To-Be-Storyboard: Zeigt den zukünftigen Serviceprozess, wie er sein soll — das Zielbild. Dient als Kommunikationswerkzeug und als Grundlage für Service Prototyping.
Vergleichs-Storyboard: As-Is und To-Be nebeneinander, Panel für Panel. Besonders wirkungsvoll in Stakeholder-Präsentationen, weil der Unterschied sofort sichtbar wird.
Praxisbeispiel: Storyboard für den Onboarding-Prozess einer Banking-App
Ausgangslage
Eine Regionalbank im DACH-Raum hat eine neue digitale Banking-App entwickelt. Die Abbruchrate im Onboarding liegt bei 34 % — deutlich über dem Branchendurchschnitt von 20-25 %. Das Projektteam hat den Onboarding-Prozess als Customer Journey Map analysiert und die Abbruchstellen identifiziert.
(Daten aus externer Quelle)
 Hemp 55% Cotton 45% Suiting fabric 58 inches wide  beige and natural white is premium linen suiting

Jetzt will es die Erkenntnisse dem Vorstand präsentieren und ein verbessertes Konzept vermitteln. Die Journey Map ist zu technisch, die PowerPoint-Folien zu abstrakt. Das Team entscheidet sich für ein Storyboard.
Das Storyboard (9 Panels)
Protagonist: Herr Kluge, 48, Abteilungsleiter bei einem Zulieferer, langjähriger Filiale-Kunde, will die App erstmals nutzen.
Panel 1 — Auslöser: Bild: Herr Kluge sitzt in der S-Bahn, Smartphone in der Hand. Ein Kollege neben ihm zeigt ihm etwas auf dessen Handy. Aktion: “Mein Kollege zeigt mir, wie er seine Überweisungen per App macht. ‘Geht in 30 Sekunden’, sagt er. Ich lade die App unserer Bank herunter.” Emotion: Neugier, leichte Motivation.
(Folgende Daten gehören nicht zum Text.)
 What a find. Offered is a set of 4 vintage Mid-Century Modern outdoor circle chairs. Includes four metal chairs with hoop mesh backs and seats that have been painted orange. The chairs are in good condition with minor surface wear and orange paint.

Panel 2 — Erster Kontakt: Bild: Herr Kluge blickt auf sein Smartphone. Der App-Startbildschirm zeigt “Willkommen! Bitte registrieren Sie sich.” Aktion: “Ich tippe auf ‘Registrieren’ und sehe ein Formular mit 14 Feldern. Kontonummer? IBAN? TAN-Verfahren? Ich habe nichts davon dabei.” Emotion: Überraschung, erste Frustration. Backstage: System erfordert vollständige Kontodaten zur Identifikation — Legacy-Anforderung aus dem Kernbanksystem.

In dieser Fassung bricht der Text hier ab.